:: Raw data

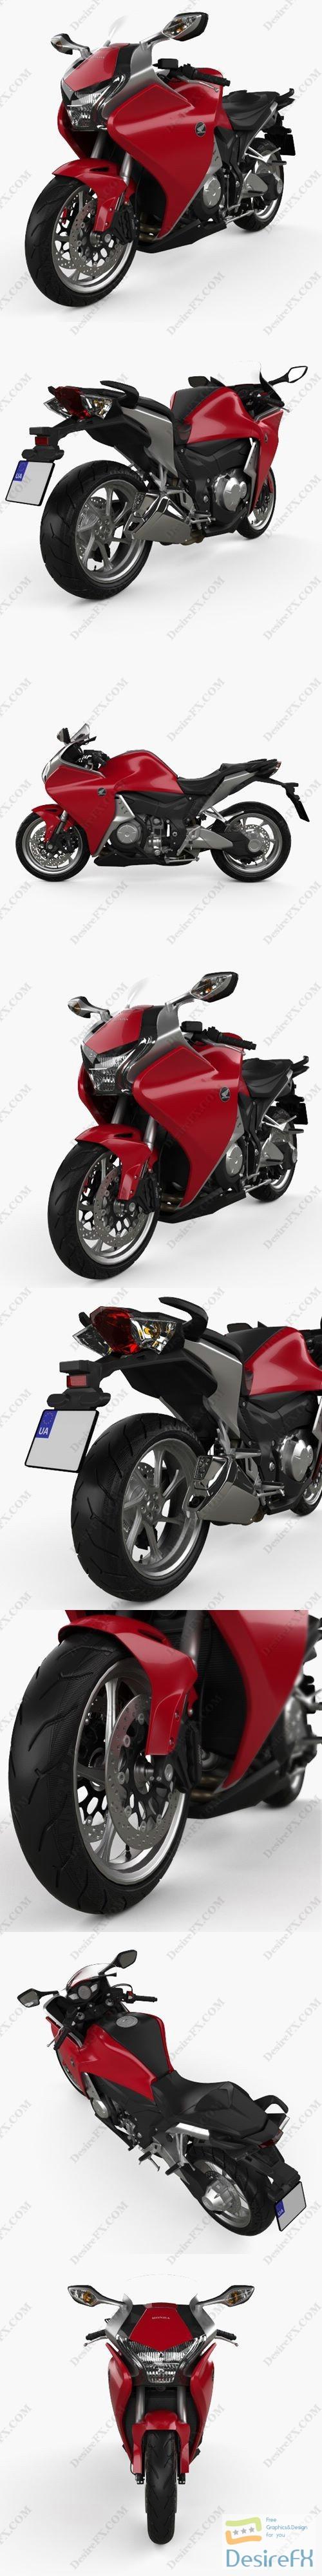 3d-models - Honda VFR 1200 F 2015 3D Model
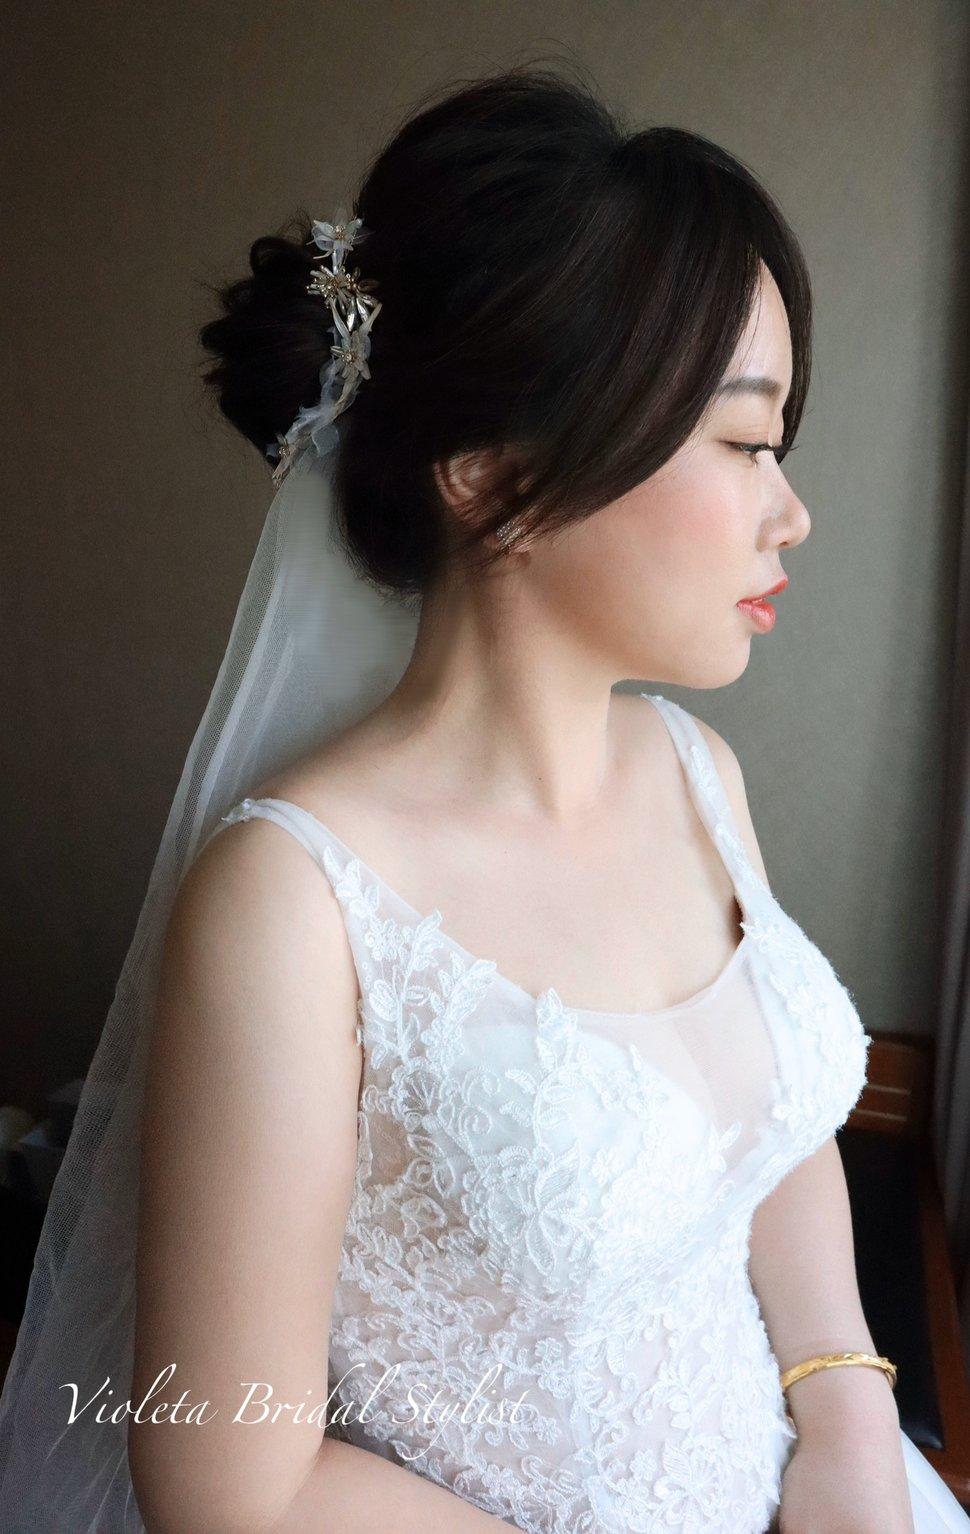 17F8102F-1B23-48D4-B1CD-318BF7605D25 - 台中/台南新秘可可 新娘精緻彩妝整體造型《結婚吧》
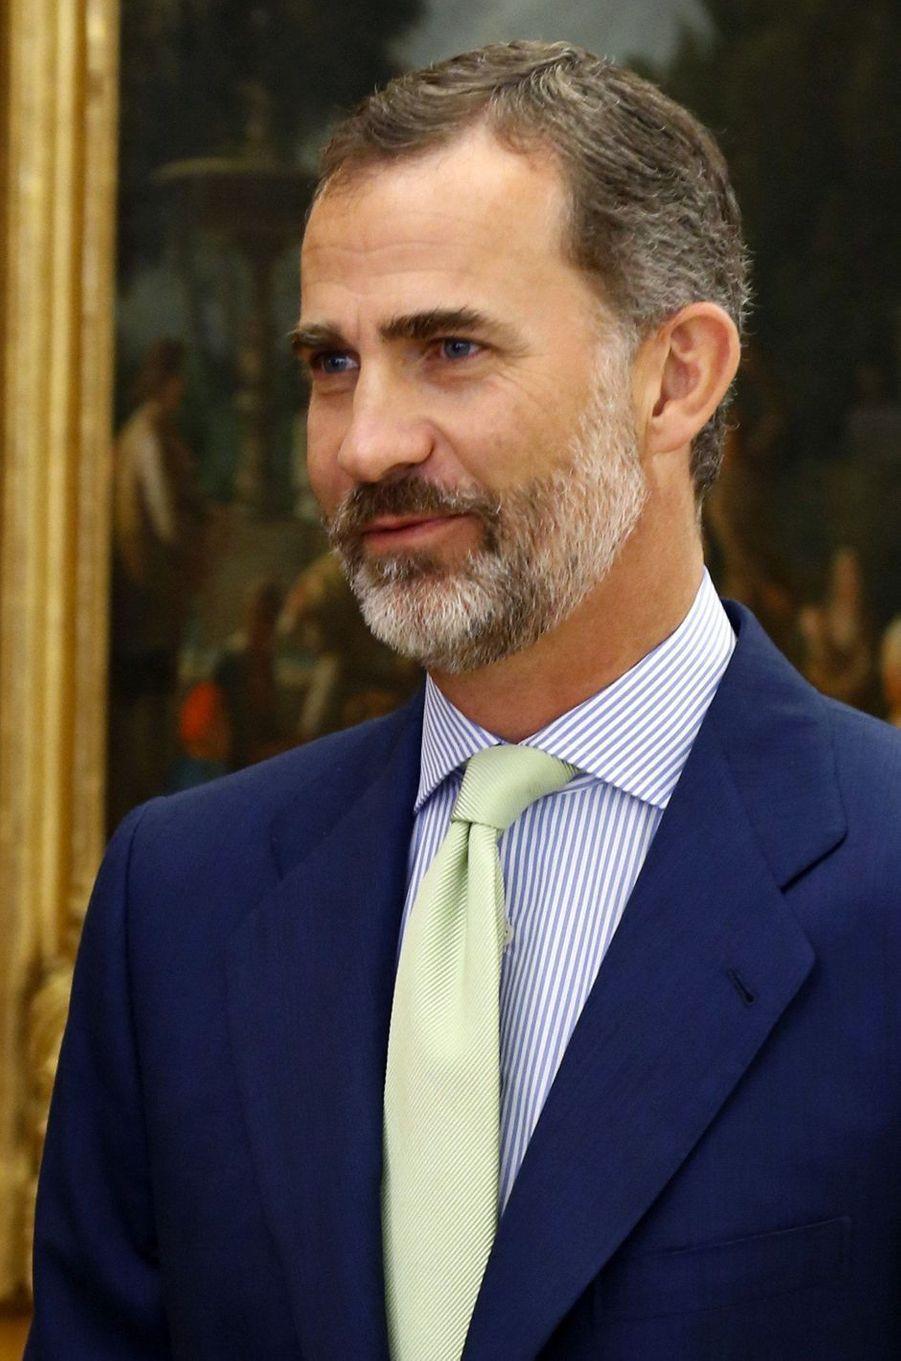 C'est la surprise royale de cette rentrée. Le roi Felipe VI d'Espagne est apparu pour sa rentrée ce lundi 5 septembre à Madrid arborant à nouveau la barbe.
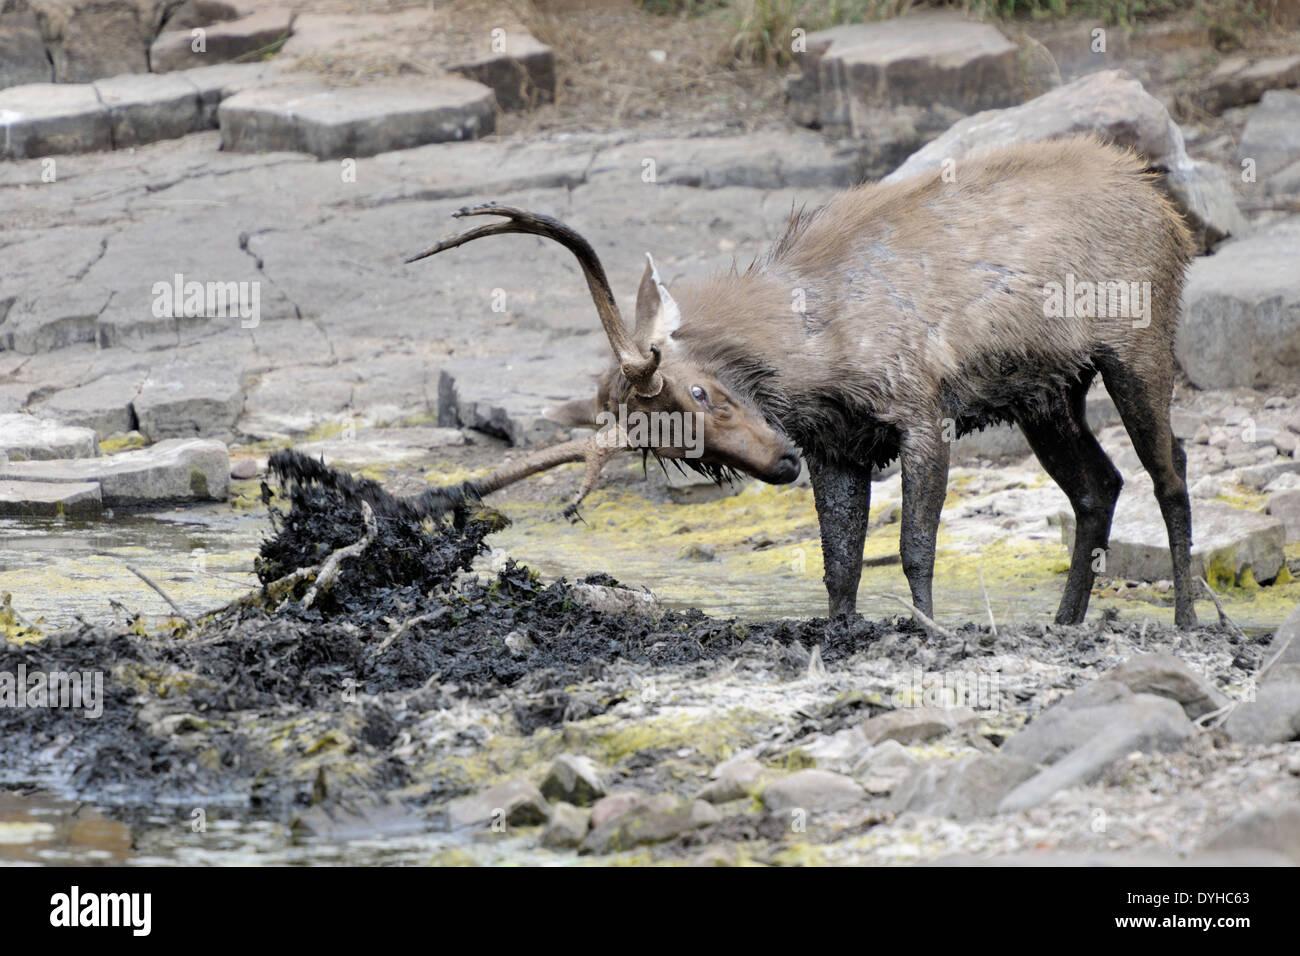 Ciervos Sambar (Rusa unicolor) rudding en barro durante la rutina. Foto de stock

::::

→ Your objective
Reprint the listing above verbatim but drop the images.

→ Expected output
 3d-models - Honda VFR 1200 F 2015 3D Model
 17F8102F-1B23-48D4-B1CD-318BF7605D25 - 台中/台南新秘可可 新娘精緻彩妝整體造型《結婚吧》
 C'est la surprise royale de cette rentrée. Le roi Felipe VI d'Espagne est apparu pour sa rentrée ce lundi 5 septembre à Madrid arborant à nouveau la barbe.
 Ciervos Sambar (Rusa unicolor) rudding en barro durante la rutina. Foto de stock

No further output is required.